Exercise objective » For the records below, copy exactly the span that begins at the line containing "Dj Pavara (Mfundisi" and stops after the line containing "Robert Jonsen is", minus any pictures.

Task data »
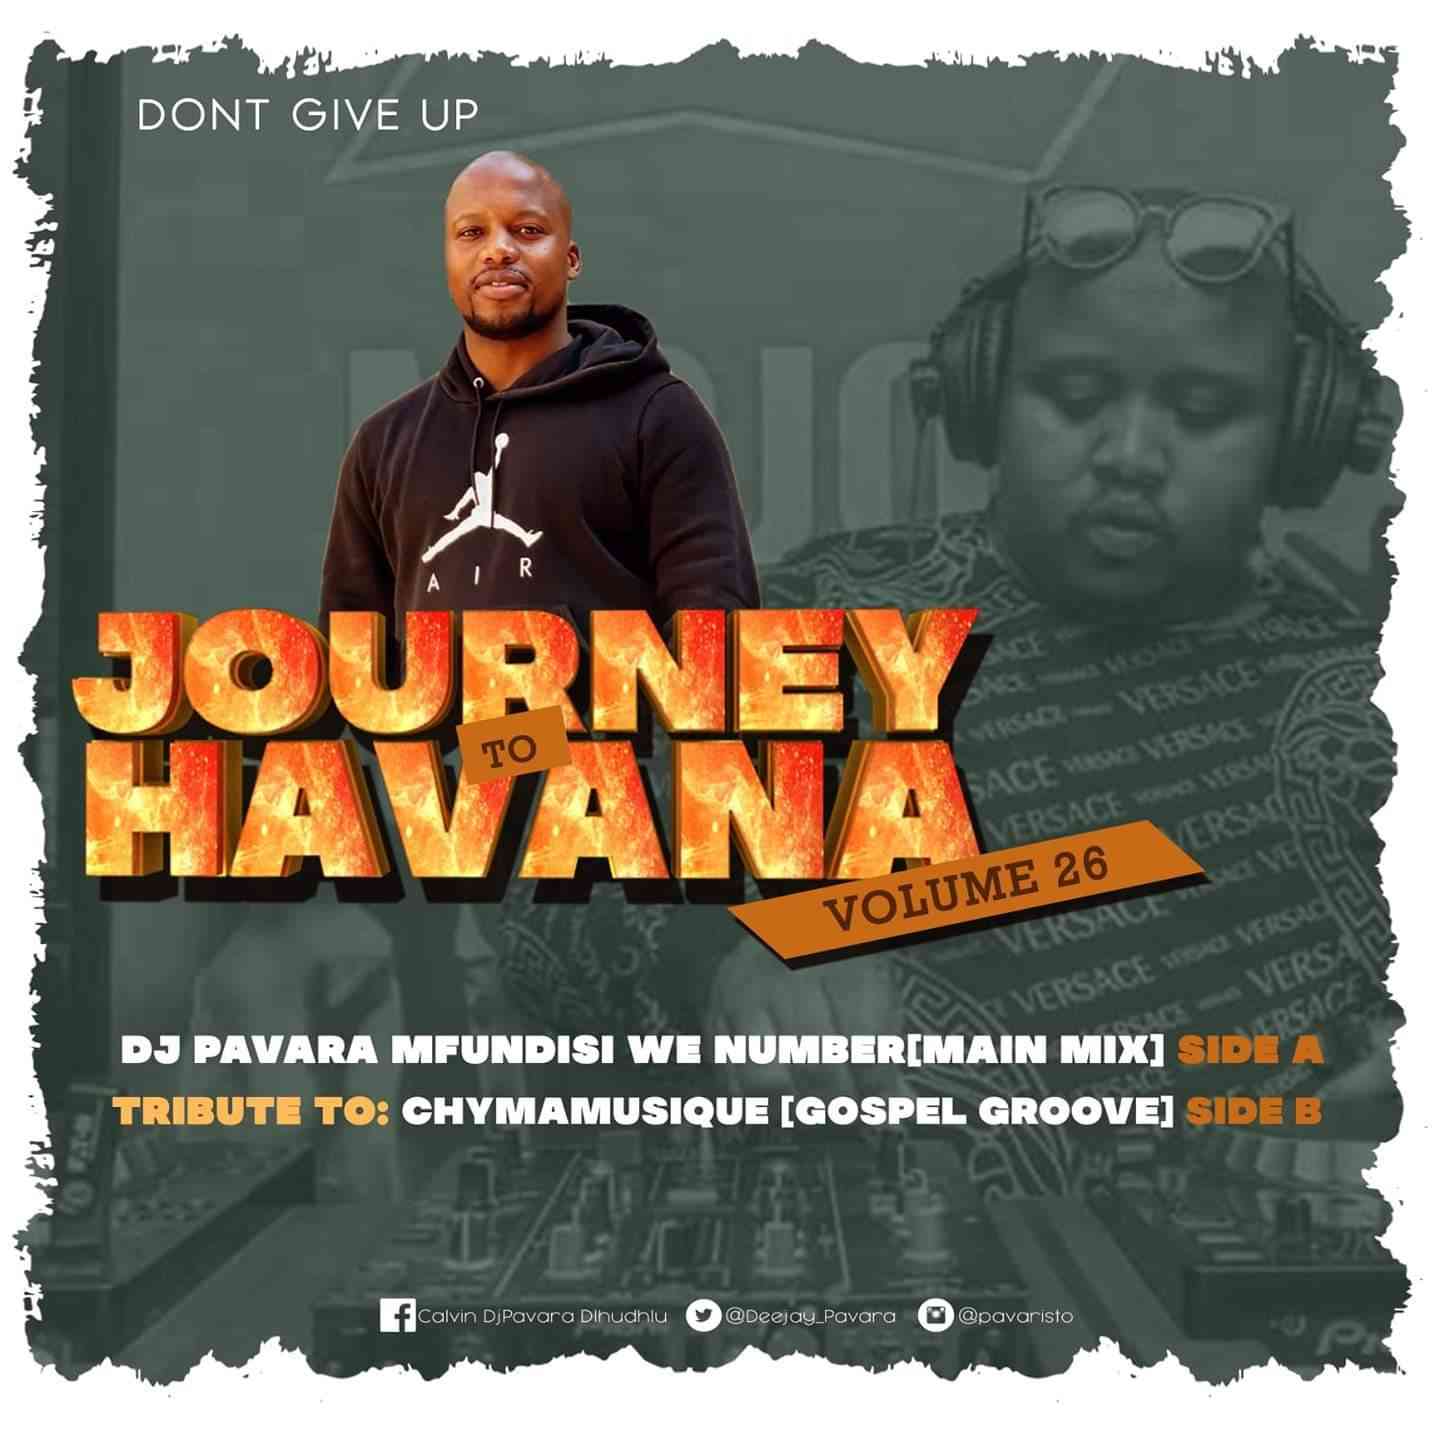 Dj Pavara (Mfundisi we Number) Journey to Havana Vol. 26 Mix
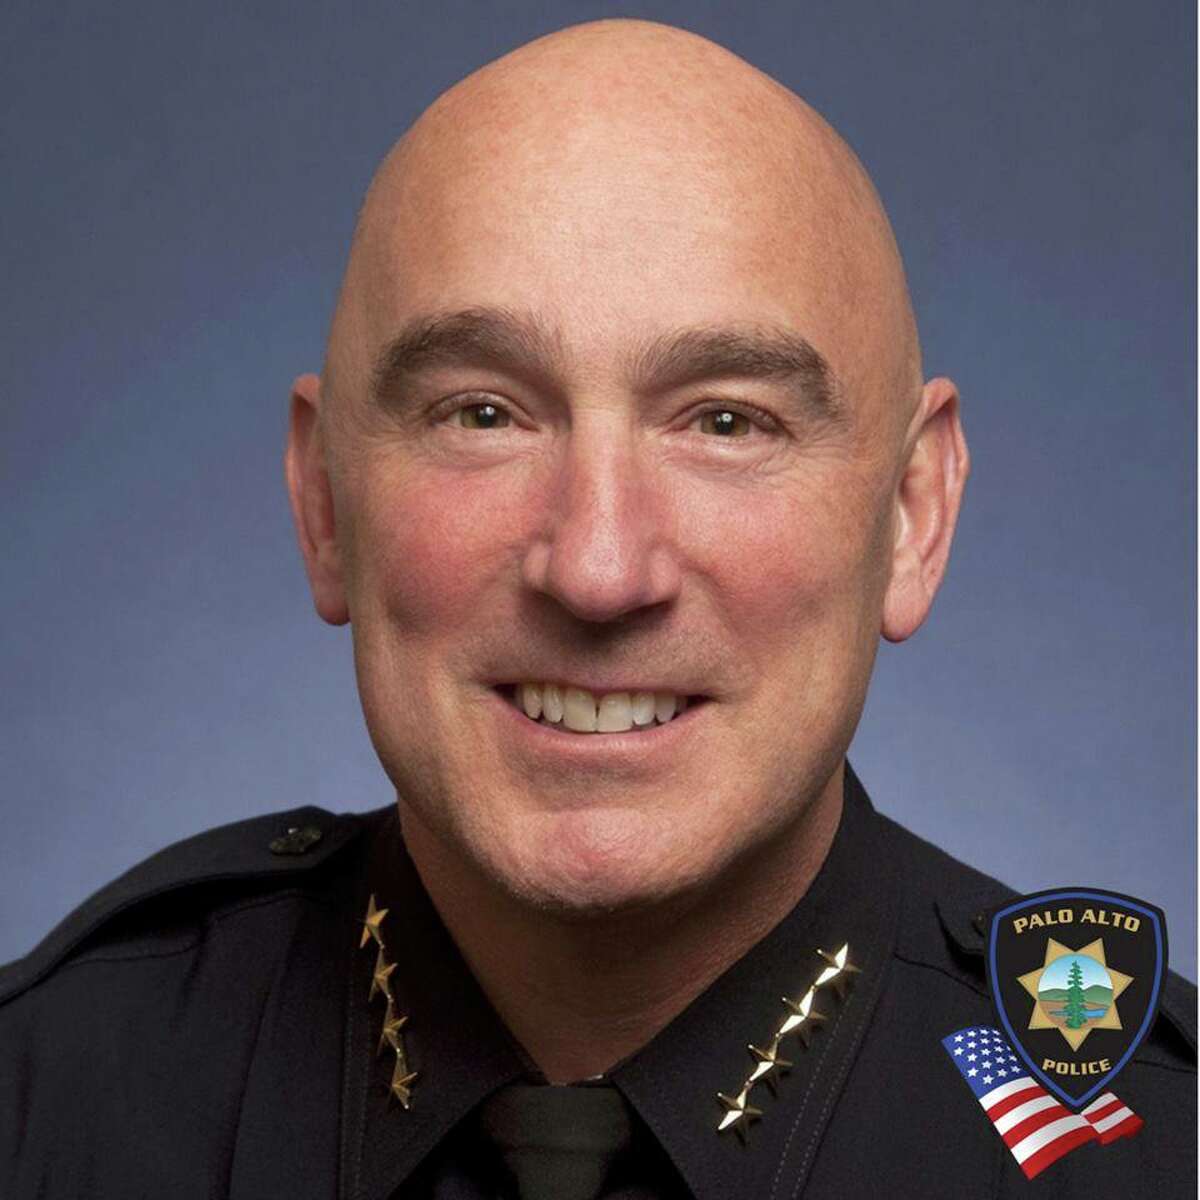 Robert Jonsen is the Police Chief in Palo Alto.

==

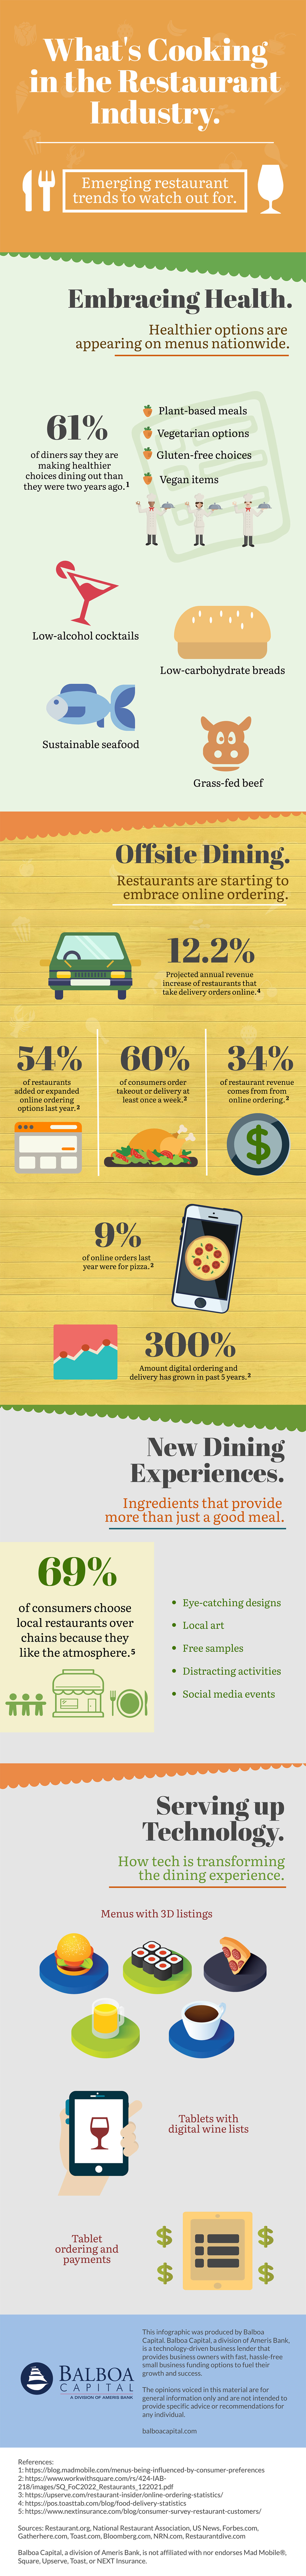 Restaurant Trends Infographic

Task result »
 Dj Pavara (Mfundisi we Number) Journey to Havana Vol. 26 Mix
 Robert Jonsen is the Police Chief in Palo Alto.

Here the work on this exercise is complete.